US food corporations fueling obesity epidemic with addictive ingredients

source: rt.com

By 2030, more than half of Americans could be obese, taxing the nation’s health while costing the country $500 billion in lost economic productivity. The food industry, however, is doing its best to keep the public hooked – no matter what the price.

With one out of three adults clinically obese and 40 percent of  children officially overweight, the US is the fattest country in  the developed world. The burgeoning public health crisis will see  instances of diabetes, heart disease, stroke and cancer skyrocket  over the next two decades, taking an already strained healthcare  system to breaking point.
But with food manufacturers keen on keeping customers loyal while  maximizing their profits, public health concerns are likely to be  dwarfed by the bottom line.

“What these food scientists have done is that they’ve gone to a  lab and they’ve created these chemical concoctions that are very  sweet, very fatty and very salty. And they call that the bliss  point. Meaning they’ve created addictive foods that are going to  get consumers hooked and they’re going to keep wanting to come  back for more and more foods,” Elizabeth Kucinich, of  Physicians Committee For Responsible Medicine, told RT.           And while critics might also point toward issues of self-control,  the foods which are least healthy are also the cheapest, although  this reality is more a failure of government policy than an  inevitability.
In 1980, no one had even heard of high-fructose corn syrup.

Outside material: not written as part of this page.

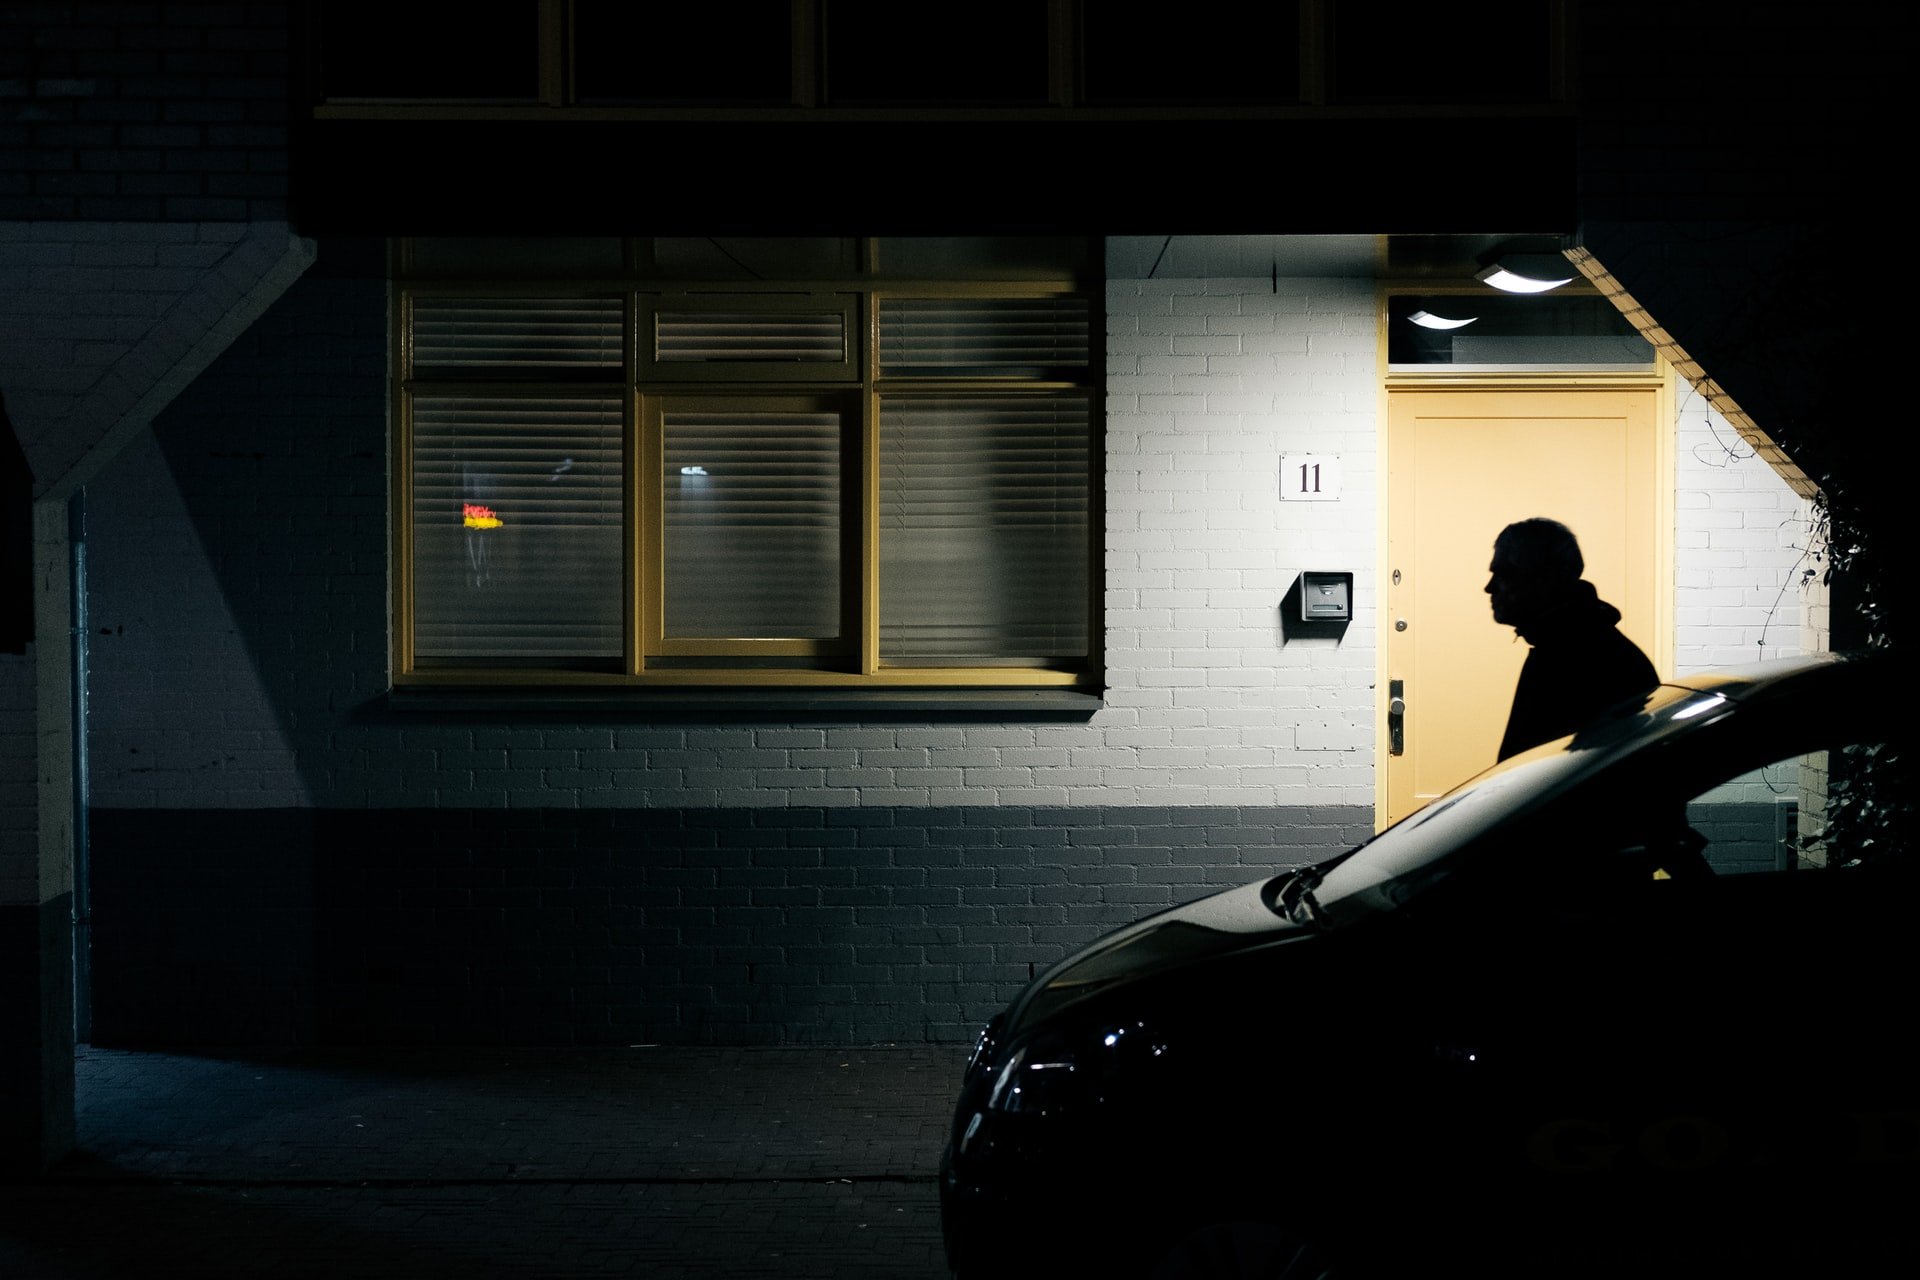 A man walking in the dark | Source: Unsplash

But  agricultural subsidies highly distorted market prices, bringing  about the rise of cheap corn, which is a staple of highly  processed foods like soft drinks and much of what one finds on  the supermarket shelves.
Between 1985 and 2010, the price of beverages sweetened with  high-fructose corn syrup fell 24 percent in real terms, with  American children consuming on average an extra 130 calories  daily from soft drinks.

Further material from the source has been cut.